Harare (New Ziana)-The government will adjust the salaries of civil servants to cushion them from the effects of the recent devaluation of the local currency, the Zimbabwe Gold (ZiG), a cabinet Minister has said.
Finance, Economic Development and Investment Promotion Minister Mthuli Ncube said this during an interview with journalists soon after President Emmerson Mnangagwa had delivered the State of the Nation address to the joint sitting of the National Assembly and Senate at the new Parliament Building in Mt Hampden on Wednesday.
Zimbabwe introduced the ZiG) in April this year as the government maintained that no country in the world can develop without its own currency.
Last week, the Reserve Bank of Zimbabwe announced sweeping monetary policy changes after the economy experienced a resurgence in exchange rate pressures since mid-September.
Ncube said the government was aware that public workers and citizens in general were feeling the impact of the devaluation of the ZiG, hence the need to cushion them.
“Putting in place a flexible exchange rate or devaluation does have an impact immediately on incomes, on prices,” he said.
“And for us as a government, we will make some adjustments, naturally, to civil service salaries to make sure that the purchasing power of the salaries is somewhat restored.
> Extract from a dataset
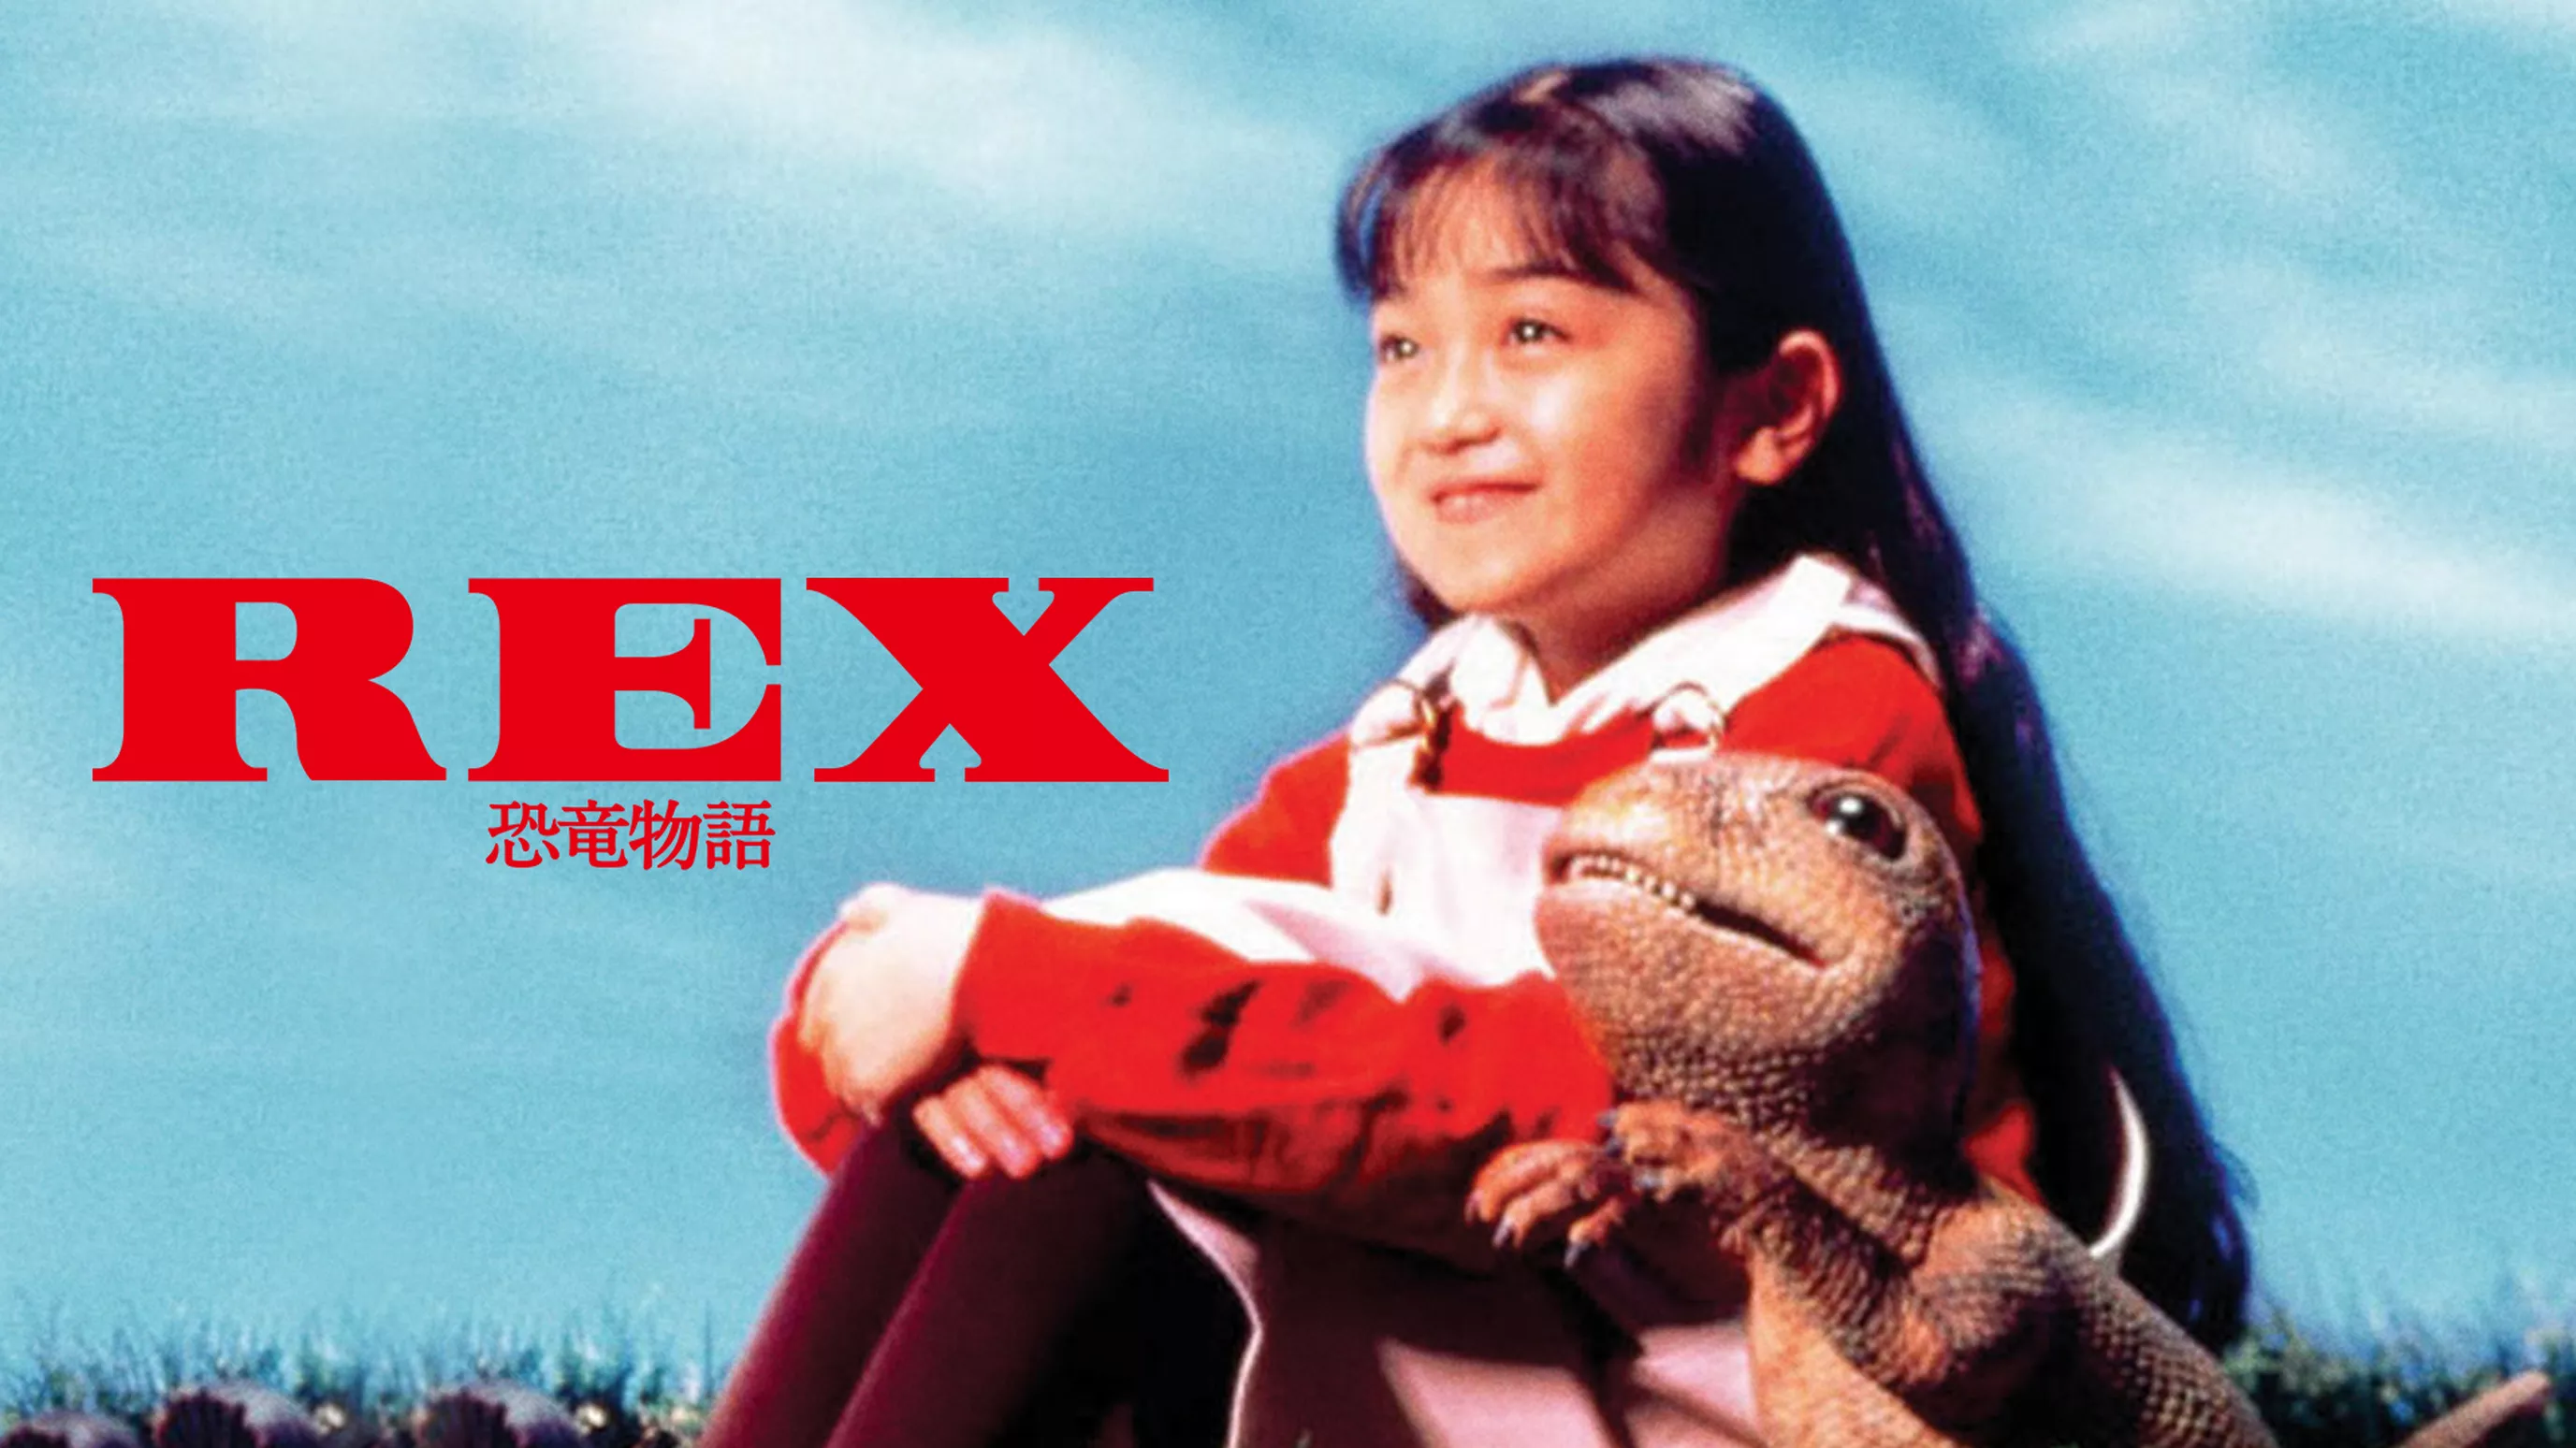 REX恐竜物語　デジタル・リマスター版 [DVD] g6bh9ry

Maybe not in full, but because someone wants to get in there. So, there is bound to be pain, there’s bound to be impact, and that’s what happens with any policy.
“Any policy does have negative impacts and that’s what will happen. But we will make some adjustments to make sure that those who are losers can be compensated somewhat. It won’t be everybody who will be looked after, but we’ll do our best. But the idea really is to make sure that we deal with the issue of macroeconomic stability, and that’s what the Zimbabwe government has been working on.”
Commenting on the measures announced by the RBZ last week, Ncube said it shows that the government remains determined to stabilise the macroeconomic environment.
“So what the Reserve Bank put in place was a package of measures to really deal with the issue of currency stability. Now, when it comes to the issue of allowing the exchange rates to move to ZiG 25, the intention there was to make sure that the gap between the parallel
market and the official market is somewhat narrowed.
“The idea is that you want to discourage speculative demand for credit, for speculation in the parallel market. The other measure that the central bank put in place was to increase the reserve requirement for loans, for both domestic loans as well as foreign loans,” he said.